Кстати, насчет неприкосновенности. Формально её гарантировал статус полномочного посла. Вот только послы, как известно, являются представителями какой-нибудь державы. На худой конец суверенного властителя. Наёмничья армия, интересы которой я представлял, хоть и контролировала определенную территорию, международным субъектом права официально не являлась. А ле Трайд, при всем уважении к его заслугам, покуда еще не стал коронованным монархом. В связи с этим мне было весьма любопытно, как имперские крючкотворы подведут правовой базис под фактический статус посланника.
Первые же слова, произнесенные глашатаем при моем появлении в тронном зале, благополучно разрешили данный юридический казус. Разряженный в пух и прах горлодер провозгласил:
- Чрезвычайный и полномочный посол, первый ордонанс-офицер Серой армии, бургграф Ирбренский Морольд ле Брен прибыл для вручения верительных грамот!
Вопрос о национальной принадлежности таким образом благополучно обошли. Зато был получен положительный ответ на другой, не менее принципиальный вопрос. Поименовав меня "бургграфом Ирбренским", император не только де-юре признал мой (а значит, и Валькин) аристократический статус, но и де-факто согласился с тем, что Ноэль (наделившая нас этим титулом) является-таки полновластной герцогиней, а некогда вольный имперский город Ирбренд - составной частью Танариса. Пусть и косвенное, такое согласие, да еще и выданное авансом до начала официальных переговоров, дорогого стоило и явно намекало на необходимость ответных реверансов. Ладно, запомним. Но торопиться не будем - я ведь тупой солдафон-полуварвар, тонких намеков не понимаю...

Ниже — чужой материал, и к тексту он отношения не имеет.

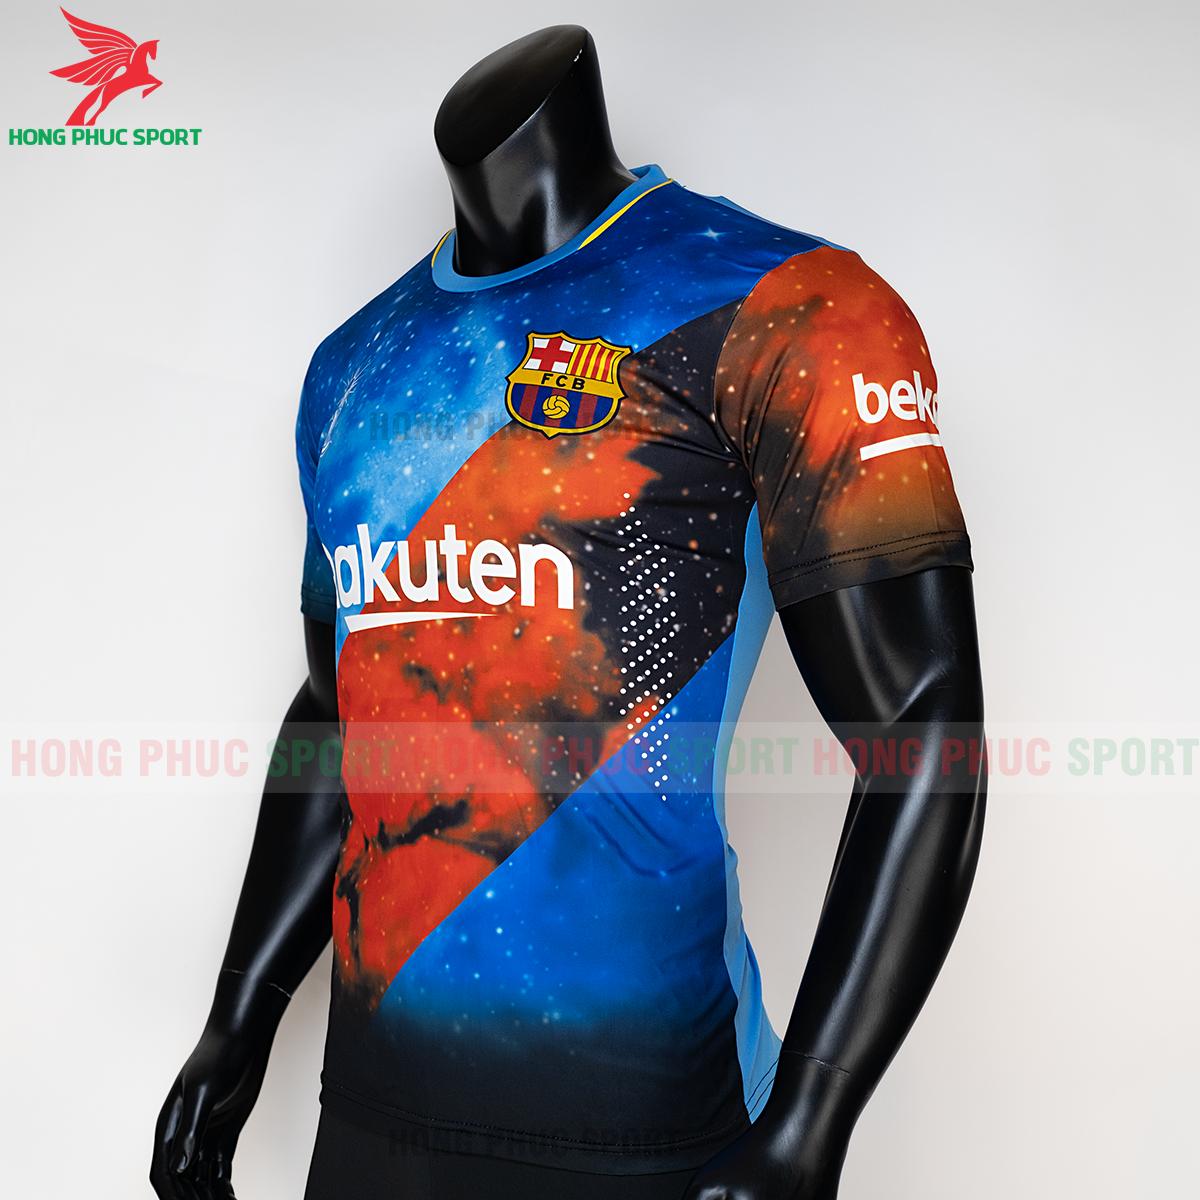 https://cdn.hongphucsport.com/unsafe/s4.shopbay.vn/files/285/ao-barcelona-2020-phien-ban-fan-4-5f7307aaefef4.png

Подойдя на уставное расстояние, обозначаю что-то вроде вежливого поклона, больше похожего на кивок. Имею право - солдаты удачи, как известно, не гнут спину даже перед королями. Теперь вот еще и перед императорами. Покончив с политесами, преодолеваю оставшиеся пару шагов до тронного возвышения и протягиваю футляр с украшенными многочисленными печатями пергаментами суровому мосластому старику, тяжело опирающемуся на резной посох. Эрствен ле Верк - великий канцлер империи и главный сподвижник Рейнара, по традиции именно он принимает дипломатические ноты и верительные грамоты послов, после чего подтверждает императору их подлинность, что, собственно говоря, и служит сигналом к началу аудиенции у властителя. До этого император лишь присутствует, но не участвует в мероприятии, чтобы ненароком не уронить своего достоинства общением с самозванцем. Но в этот раз установленный протокол оказался безбожно нарушен.
Невысокий толстячок на троне, едва старикан достаёт из резного тубуса рулон проштампованных бумажек, поднимает руку в останавливающем жесте, не давая канцлеру даже развернуть добытые рукописи.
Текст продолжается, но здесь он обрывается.